Sin su principal amenaza, Italia resolvió el encuentro en cuatro minutos del segundo tiempo, con un gol de Colaussi y un penalti lanzado por Meazza mientras se agarraba el pantalón por la cintura, porque se le había roto la goma del mismo. Brasil no pudo descontar más que con un gol de Romeu a tres minutos del final. Los brasileños acabarían terceros, tras imponerse a Suecia, con Leónidas como estrella, preguntándose qué hubiese pasado si en la semifinal hubiese estado su mejor jugador. 

Italia se citó en la final con Hungría, un rival temible, que había marcado 13 goles en tres partidos (6 a las Indias Orientales, 2 a Suiza y 5 a Suecia en semifinales), pero en el estadio de Colombes -donde Uruguay inventó la "vuelta olímpica" en 1924- la Azzurra se impuso en un gran partido por 4-2 y, con su juego, terminó hasta aclamada por el público francés. 

Luego, unas declaraciones del guardameta húngaro Antal Szabó desvelaron la presión a la que estaban sometidos los hombres de Pozzo y alimentaron la leyenda. "Nunca en mi vida me sentí tan feliz por haber perdido. Con los cuatro goles que me hicieron, salvé la vida a once seres humanos. Me contaron que antes de empezar el partido, los italianos habían recibido un telegrama de Mussolini que decía: 'Vencer o morir'", dijo. 

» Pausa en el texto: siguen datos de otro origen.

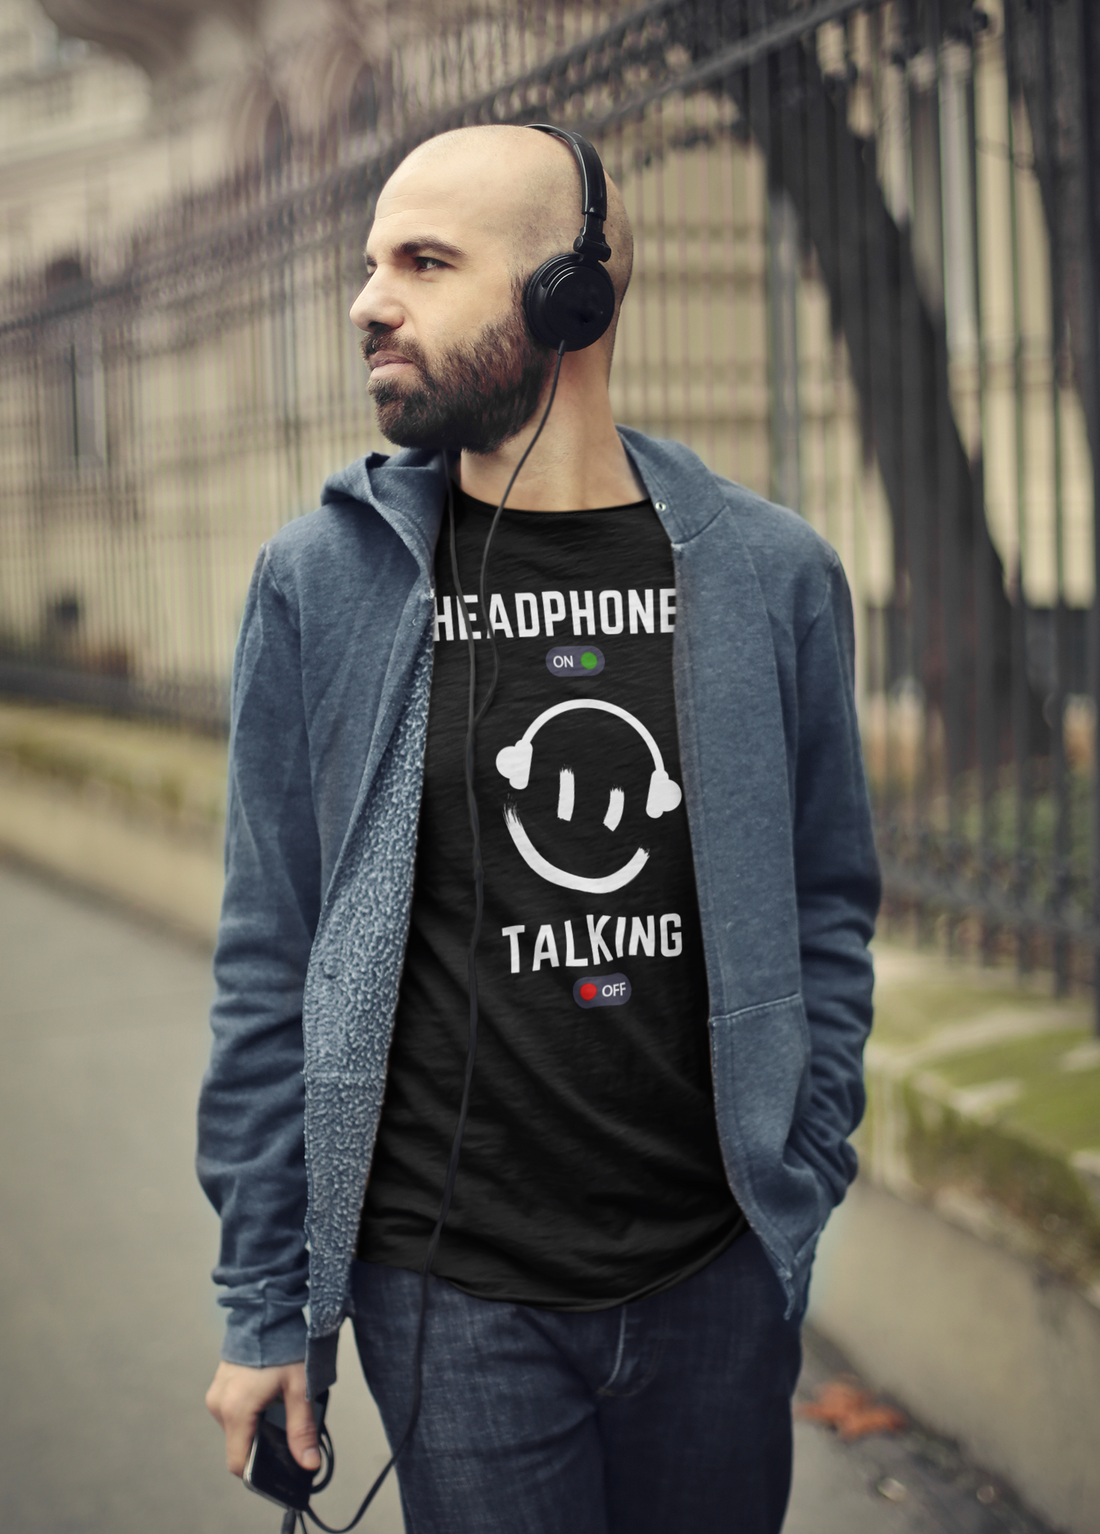 A music tshirt design with the text "headphones one talking off". A comical tshirt for introverts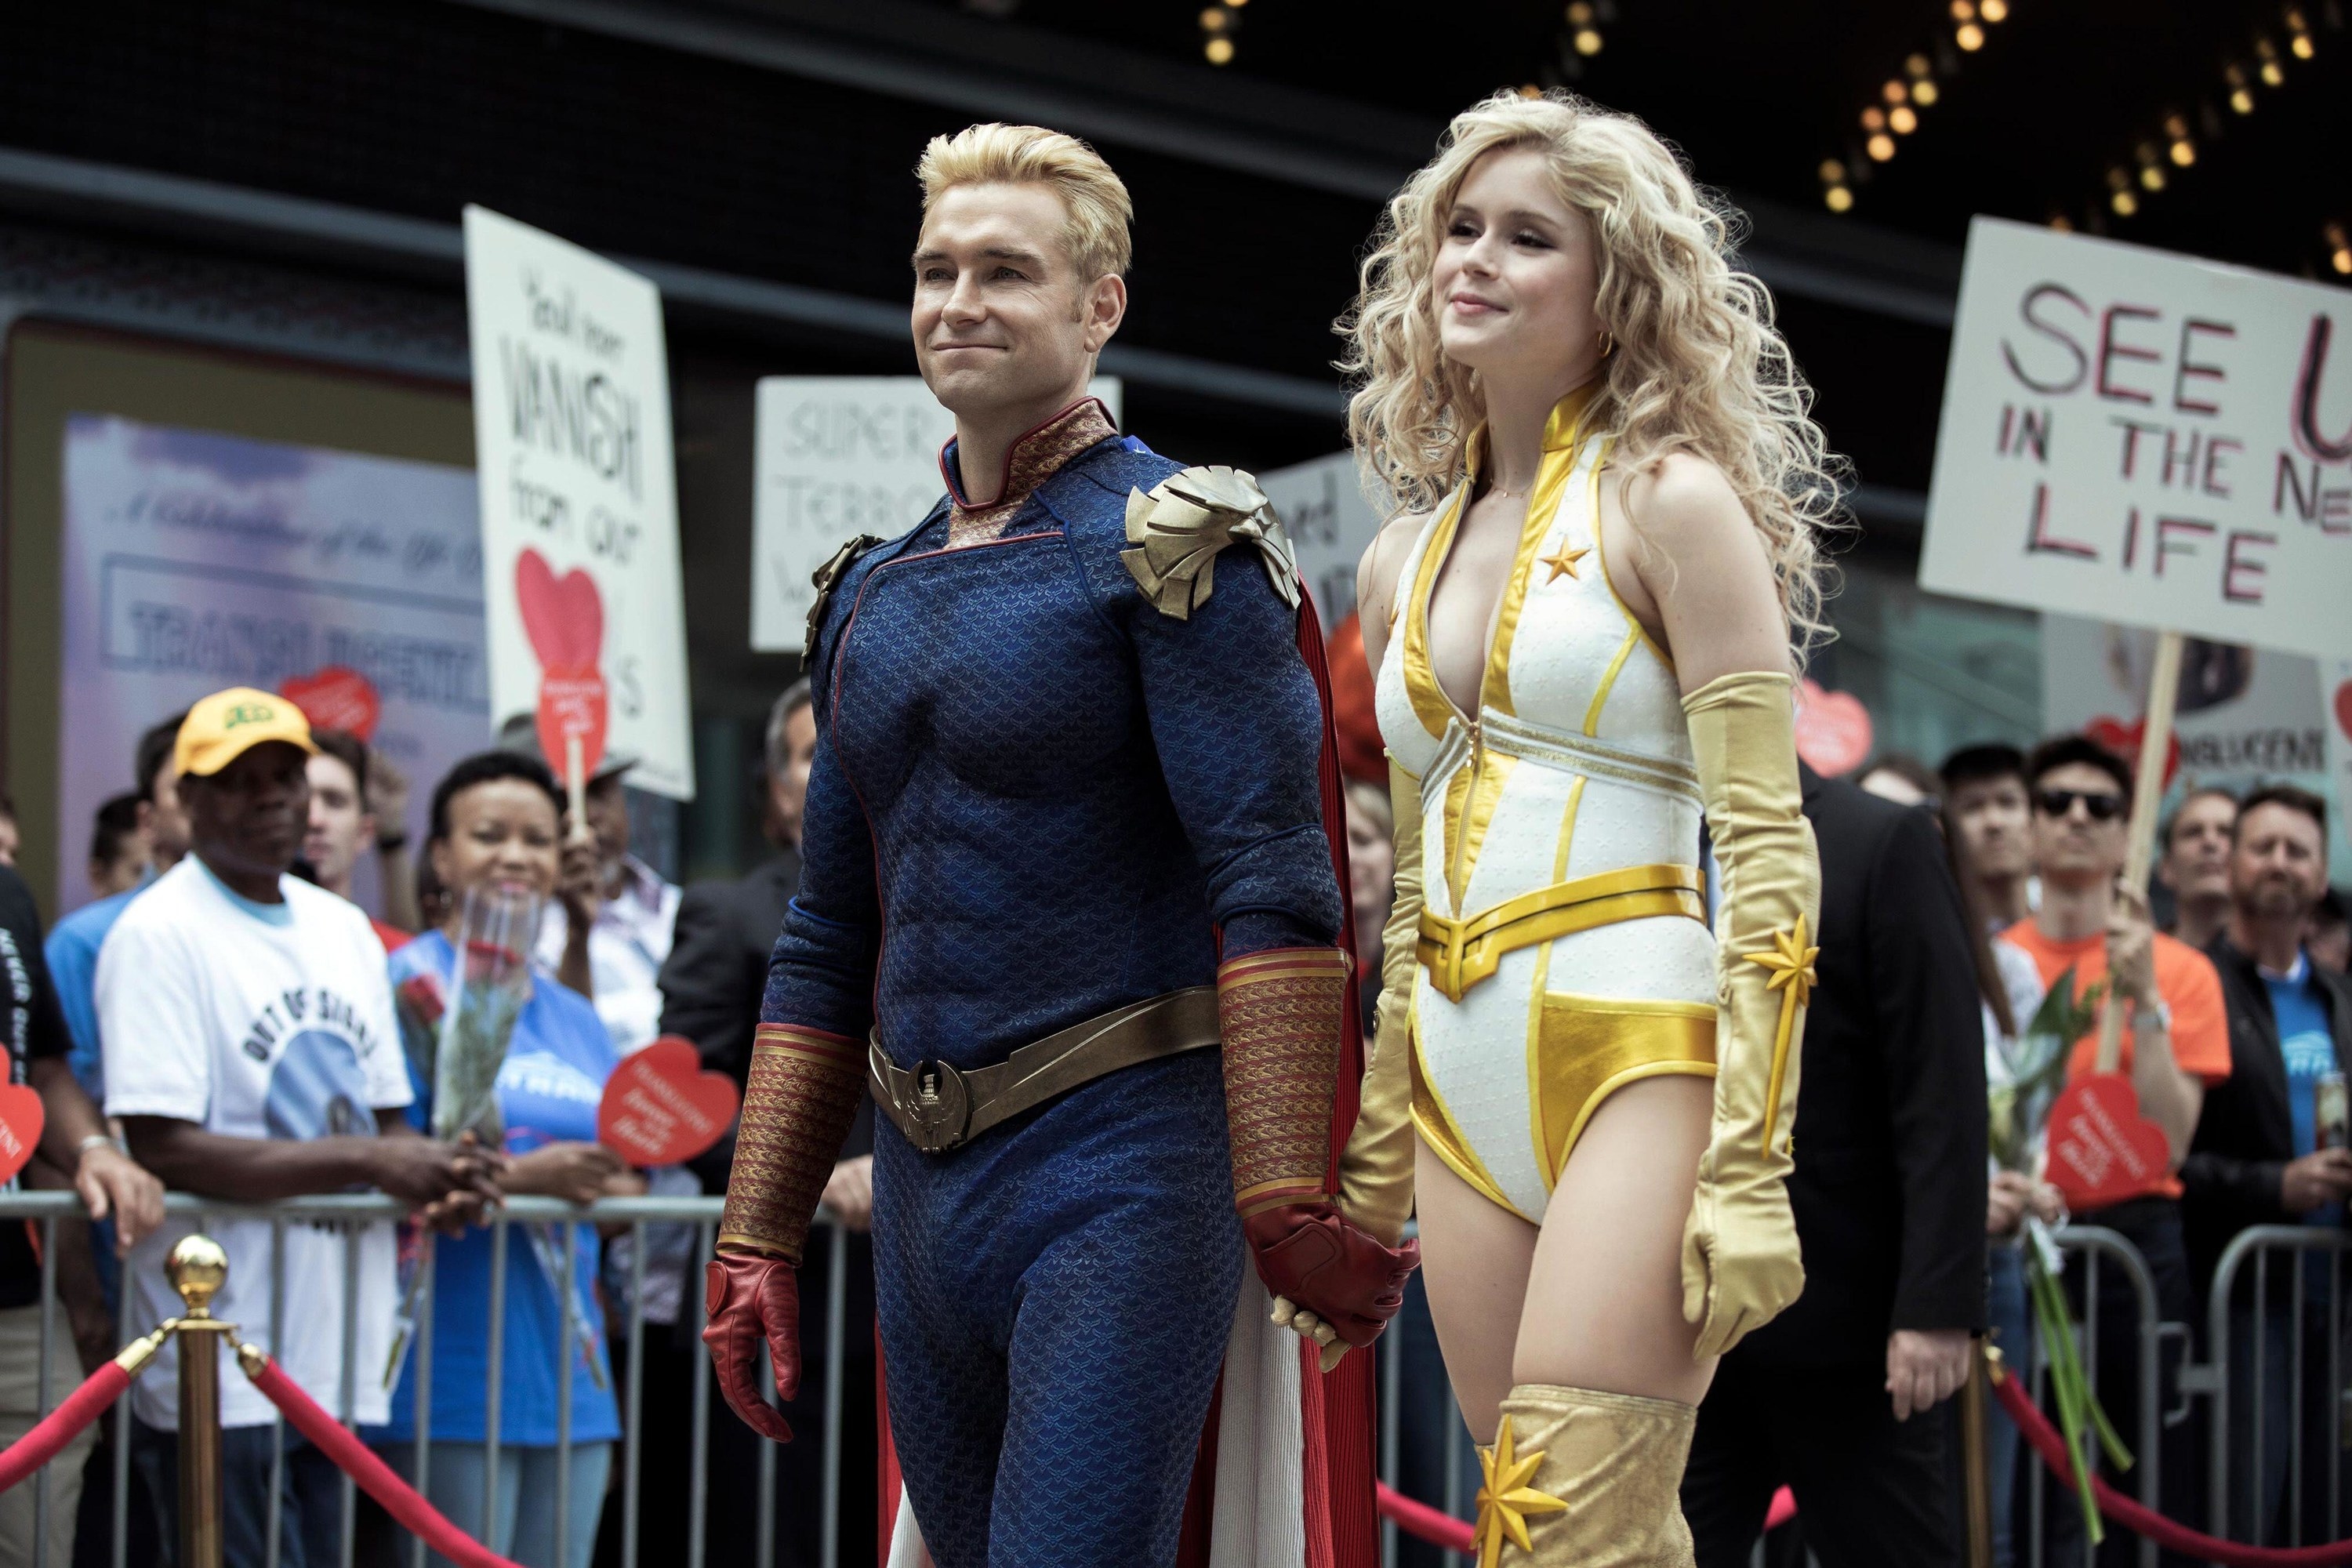 Two superheroes publicly hold hands while walking to an anticipated event

Pozzo, el único entrenador que ha sido capaz de ganar dos Mundiales consecutivos, permanecerá otros diez años en el cargo. Renunciará en 1948, tras una dura derrota en Turín frente Inglaterra (0-4), y su figura caerá en desgracia, asociado al fascismo. 

Volverá a su labor de periodista de La Stampa, participará en la creación del Centro Técnico de Coverciano -sede de la selección- y hasta se verá en la dura misión de reconocer los cuerpos de los jugadores y técnicos del Gran Torino muertos en el accidente aéreo de Superga, en 1949. 

Morirá solo, el 21 de diciembre de 1968, y no será hasta el siglo XXI cuando su figura se rehabilite, con la entrada en el Salón de la Fama del fútbol italiano y la creación de un museo dedicado a su obra en Ponderano. "Vive en el futuro. Donde el azul de la camiseta se convierte en el azul de los cielos", reza en su lápida.